For the feedlot project, contractors in November 2007 spent three weeks moving dirt, building a livestock fence and planting sod mats, costing the CCAA program $55,000 or roughly $49 per foot of stream. This relocated the creek back to its original floodplain, and with a berm in place to prevent waste run-off, Big Swamp Creek is now on its way to once again becoming a healthy fishery.

“This met our goals and objectives from a restoration and fisheries point of view, and it also met the landowner’s expectations and obligations from a ranch management and operation point of view,” Everett says.
Overall, the project has been a success. With above-average snow pack and a wet spring, the stretch of stream was tested with high run-off flows and successfully held together. “A few small chunks of sod mat did shift on us,” Everett says. “But overall the project held together extremely well through its first real test.”

The fishery also is responding. The Peterson family has reported seeing fish in the channel. “We now have fish using this reach of stream for the first time in more than four decades,” Everett says.

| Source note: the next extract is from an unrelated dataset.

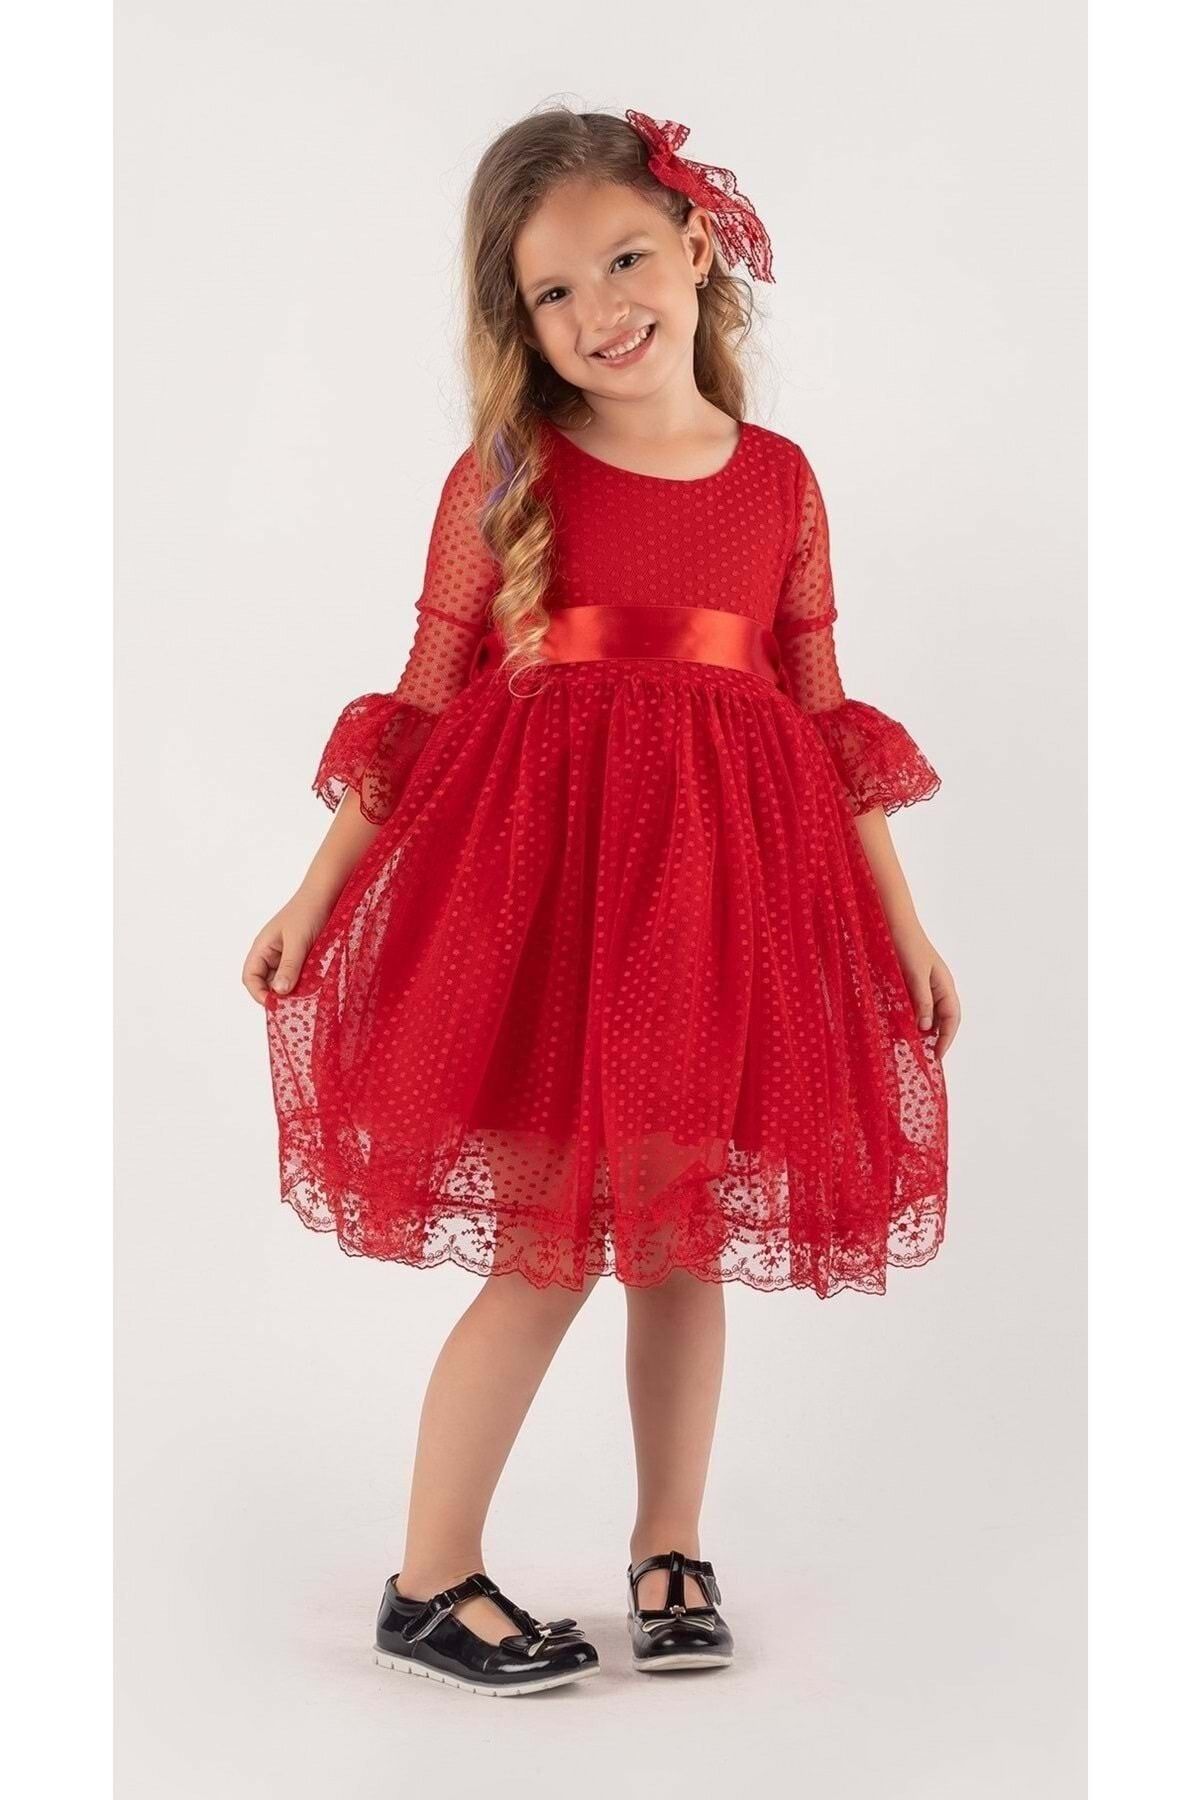 Mnk Rengarenk Fransız Dantel Tokalı Kız Çocuk Elbise Kırmızı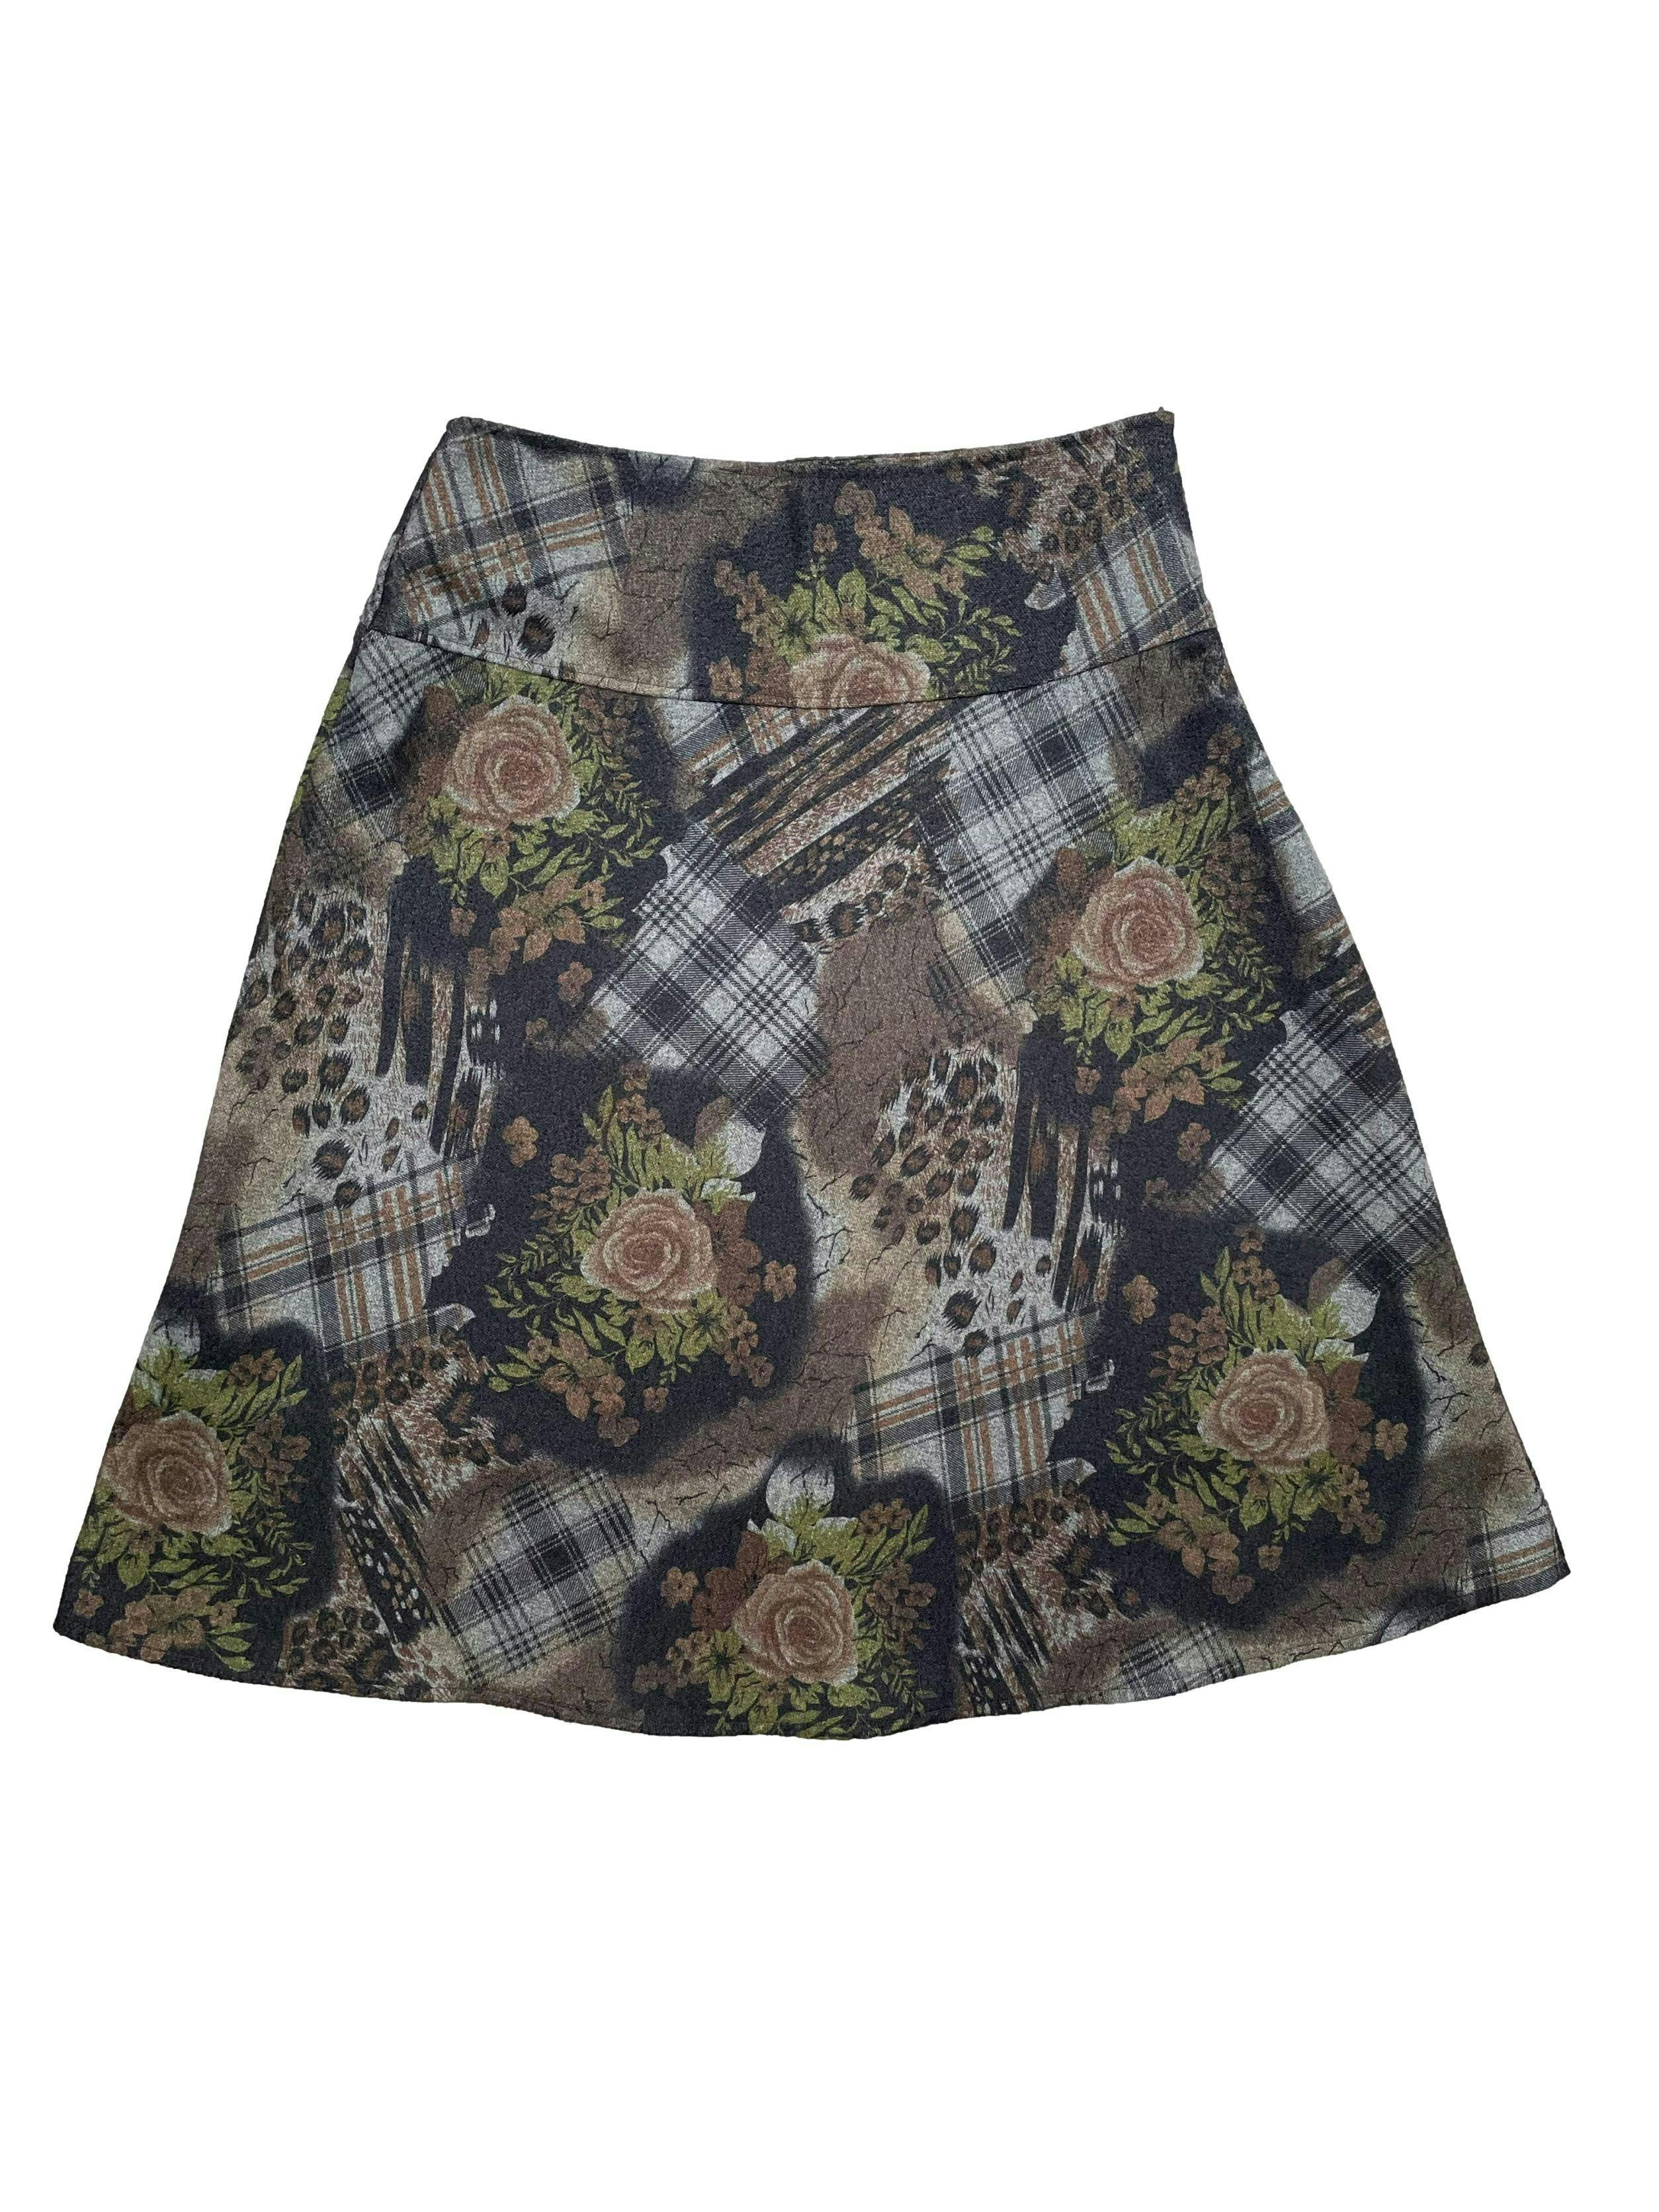 Falda de lanilla en tonos tierra con estampado floral y a cuadros. Con forro , pretina alta y cierre invisible lateral. Cintura 72cm, Largo 63cm.

Regardless of what the courts decide about the grayling’s status, Everett continues doing what he knows will have an immediate, positive impact on the fishery—completing many small projects in collaboration with private landowners.

“Ultimately,” Everett says, “when it comes to preserving and restoring a species on this scale over hundreds of square miles, working with private landowners is where it’s at. We need the same thing that a working ranch needs: large open spaces, healthy grasslands, good water quality and plenty of it.”